Any data structures which are accessed by multiple threads must be protected by an appropriate lock. If you are not using locks to access shared data structures in a mutually exclusive manner then you are not thread safe. See the "Using Locks" section of Apple's Threading Programming Guide.
The best solution is to subclass NSURLConnection and add instance variables to store its associated response and response data. In each connection delegate method you then cast the NSURLConnection to your subclass and access those instance variables. This is guaranteed to be mutually exclusive because every connection will be bundled with its own response and data. I highly recommend trying this since it is the cleanest solution. Here's the code from my implementation:
#interface TTURLConnection : NSURLConnection {
NSHTTPURLResponse* _response;
NSMutableData* _responseData;
}
#property(nonatomic,retain) NSHTTPURLResponse* response;
#property(nonatomic,retain) NSMutableData* responseData;
#end
#implementation TTURLConnection
#synthesize response = _response, responseData = _responseData;
- (id)initWithRequest:(NSURLRequest *)request delegate:(id)delegate {
NSAssert(self != nil, #"self is nil!");
// Initialize the ivars before initializing with the request
// because the connection is asynchronous and may start
// calling the delegates before we even return from this
// function.
self.response = nil;
self.responseData = nil;
self = [super initWithRequest:request delegate:delegate];
return self;
}
- (void)dealloc {
[self.response release];
[self.responseData release];
[super dealloc];
}
#end
/////////////////////////////////////////////////////////////////
////// NSURLConnectionDelegate
- (void)connection:(NSURLConnection*)connection
didReceiveResponse:(NSHTTPURLResponse*)response {
TTURLConnection* ttConnection = (TTURLConnection*)connection;
ttConnection.response = response;
ttConnection.responseData = [NSMutableData
dataWithCapacity:contentLength];
}
- (void)connection:(NSURLConnection*)connection
didReceiveData:(NSData*)data {
TTURLConnection* ttConnection = (TTURLConnection*)connection;
[ttConnection.responseData appendData:data];
}
- (void)connectionDidFinishLoading:(NSURLConnection *)connection {
TTURLConnection* ttConnection = (TTURLConnection*)connection;
if (ttConnection.response.statusCode == 200) {
// Connection success
}
}
- (void)connection:(NSURLConnection *)connection
didFailWithError:(NSError *)error {
TTURLConnection* ttConnection = (TTURLConnection*)connection;
// Handle the error
}
Assuming you're launching all of the (asynchronous) connections on a single thread, then the delegate messages will all get posted in that thread's run loop.
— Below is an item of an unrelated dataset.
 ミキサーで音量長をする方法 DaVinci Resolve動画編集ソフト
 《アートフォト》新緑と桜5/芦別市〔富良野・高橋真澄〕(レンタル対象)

Therefore the delegate only needs to be able to deal with one message being handled at once; the run loop will hand one message off at a time. This means that while the order of the delegate messages is unknown and the next message could come from any connection object, there will be no concurrent execution of your delegate methods.
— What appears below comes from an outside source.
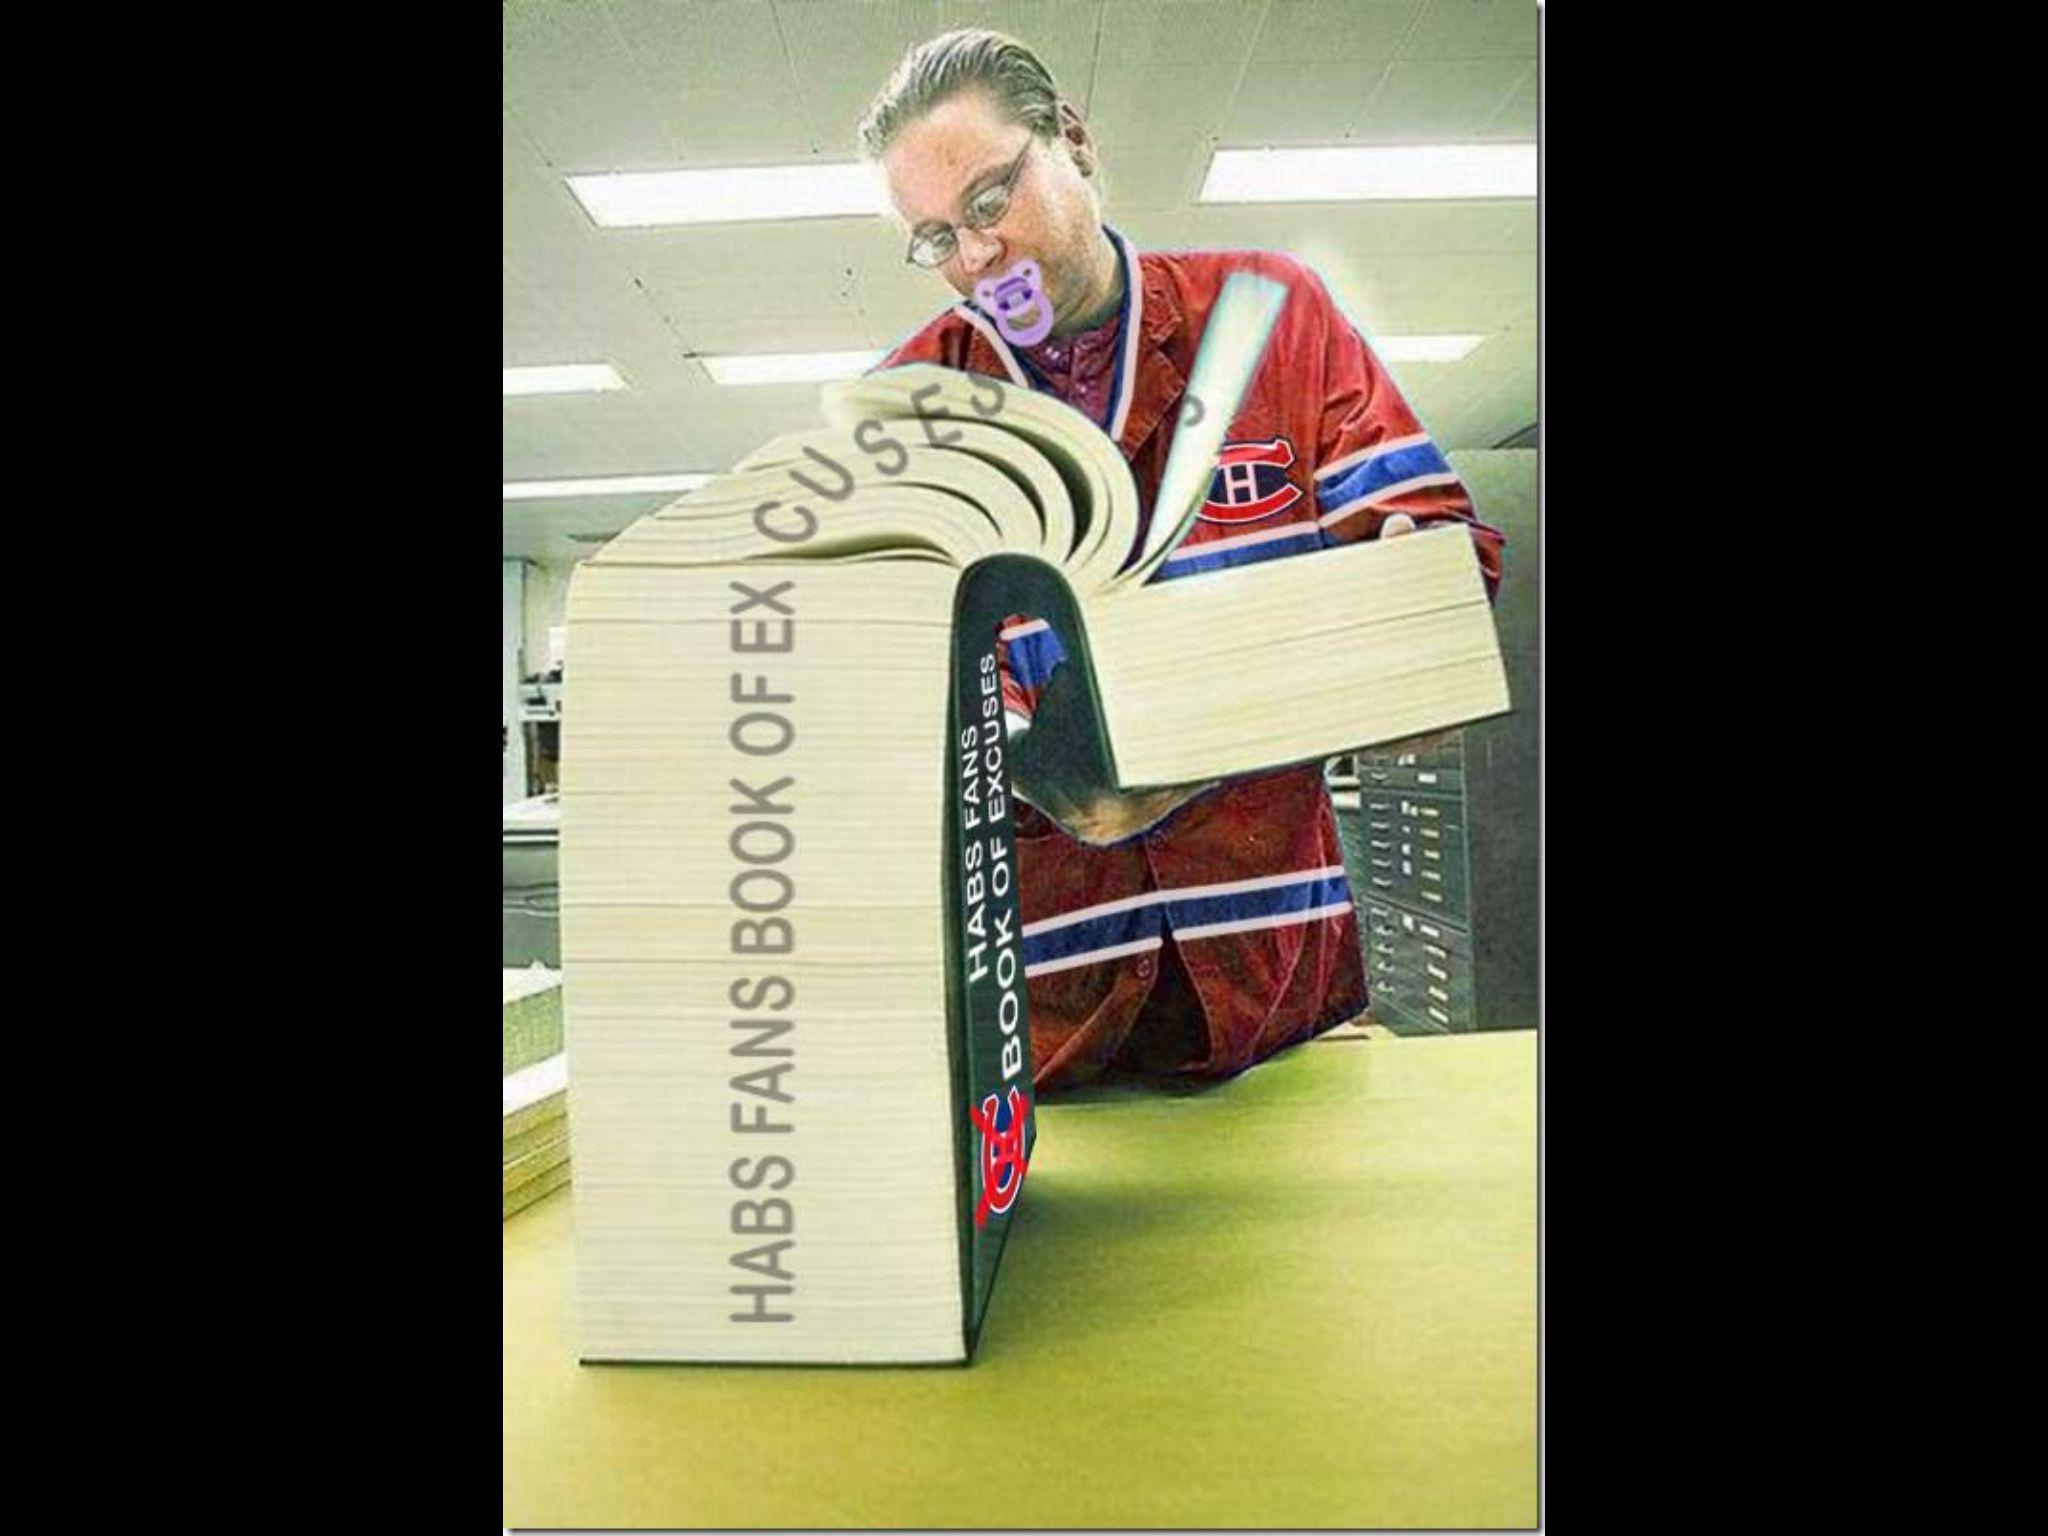 Habs Leafs Rivalry Fan book, Toronto maple leafs, Rivalry

However, were you actually trying to use the same delegate object across multiple threads, rather than just using the asynchronous nature of the API, then you would need to deal with concurrent delegate methods.
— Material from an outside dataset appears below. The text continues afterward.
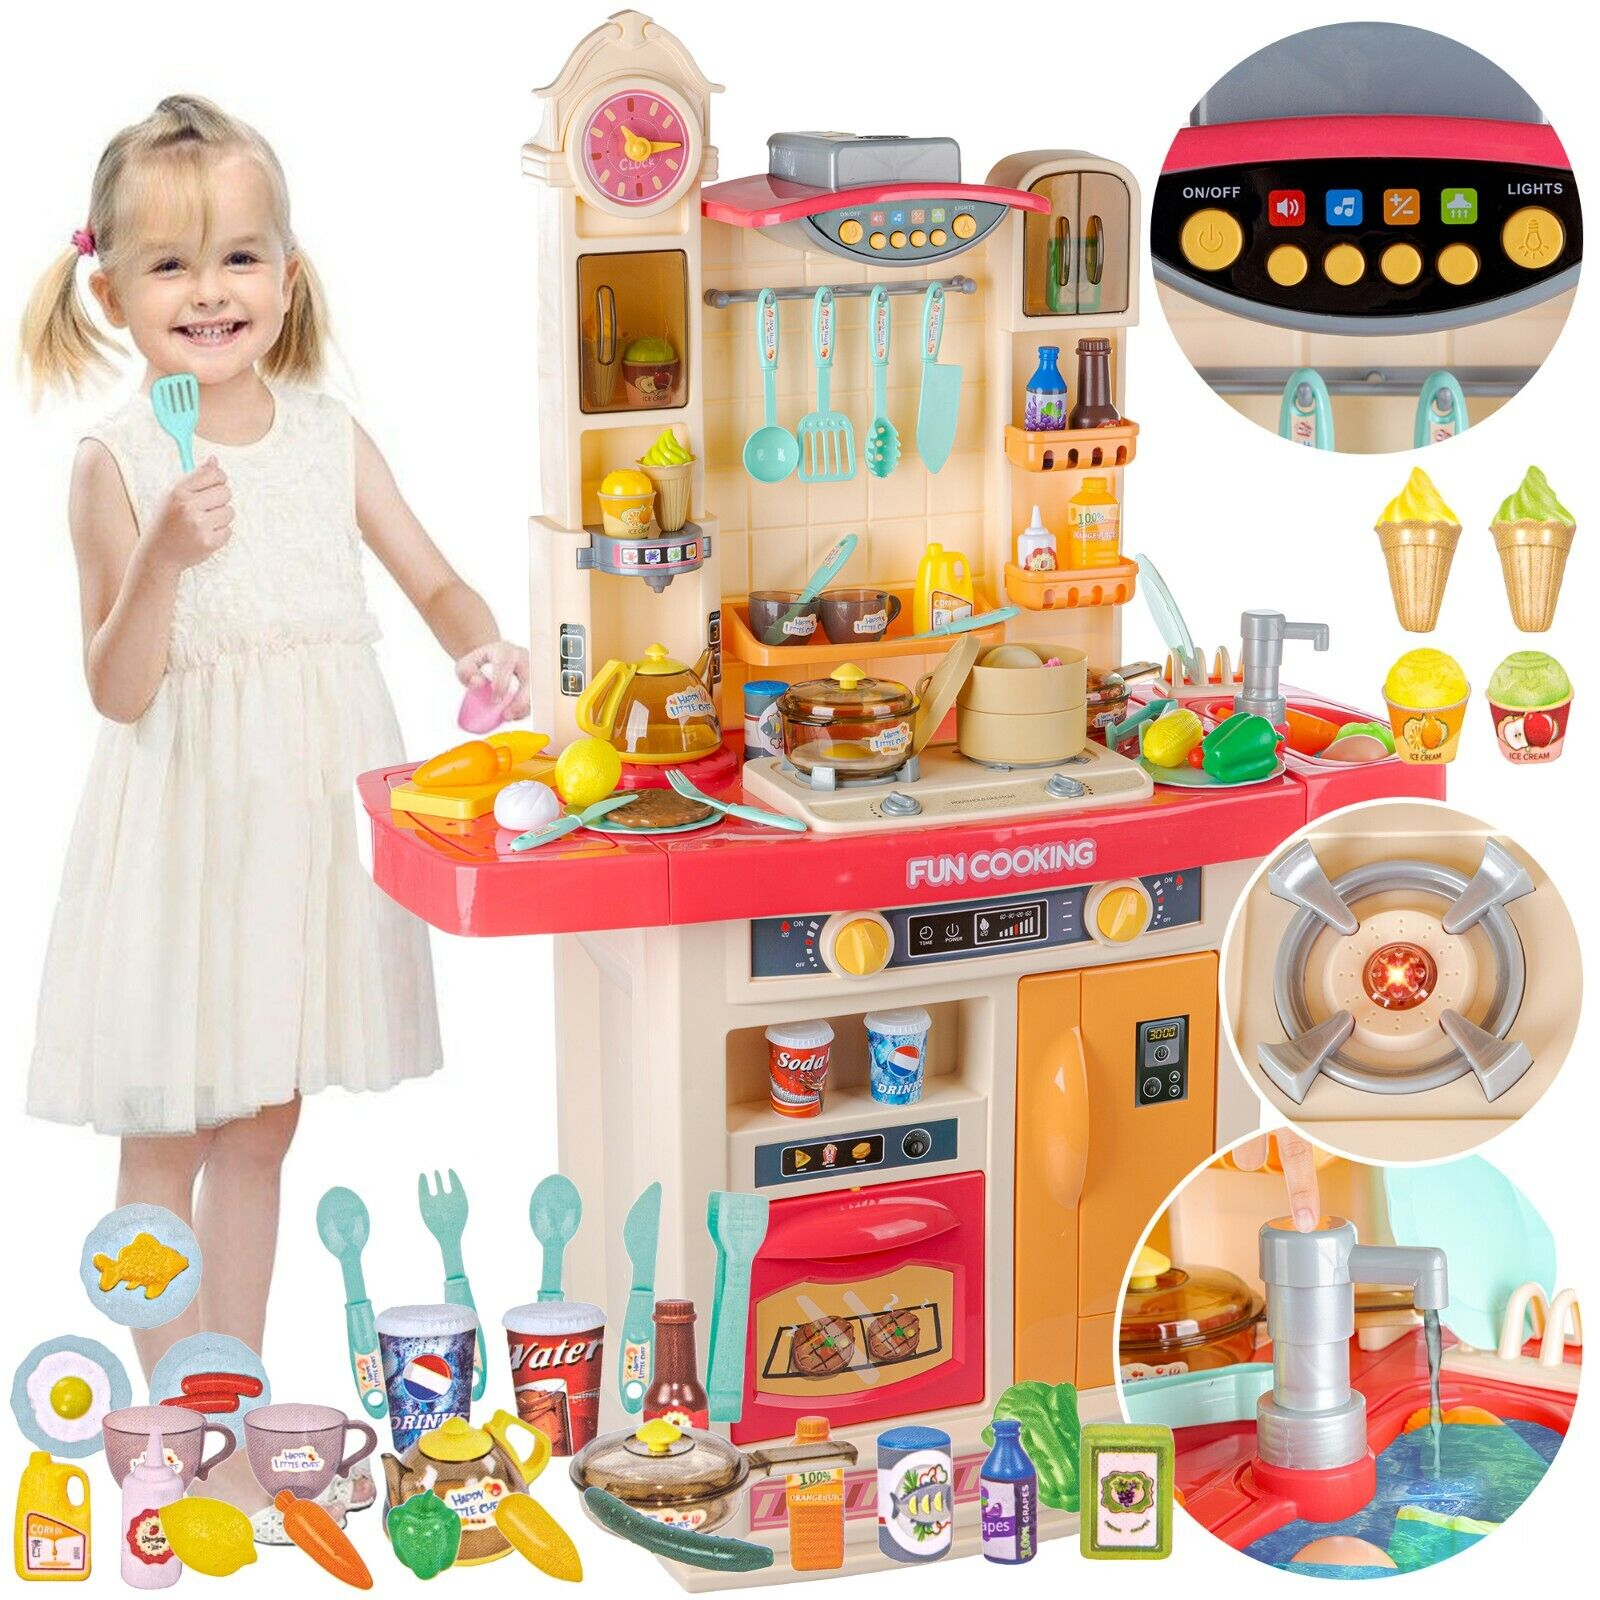 Kinderküche Spielküche Spielzeugküche Spielzeug für Kinder KP1723N Zubehörteile

Yes it's possible to have multiple connections. the notification object contains a pointer to the NSURLConnection that triggered the notification.
Internally I guess NSURLConnection listens to a socket and does something like this when it has data ready.
[your_delegate
performSelectorOnMainThread:#selector(connectionCallback:)
withObject:self
waitUntilDone:NO];
so you don't have to worry about it being multithreaded, NSURLConnection will take care of this. For simplicity I have written self, in the real world a NSNotification object is given.
You shouldn't have to do any checks related to multithreading.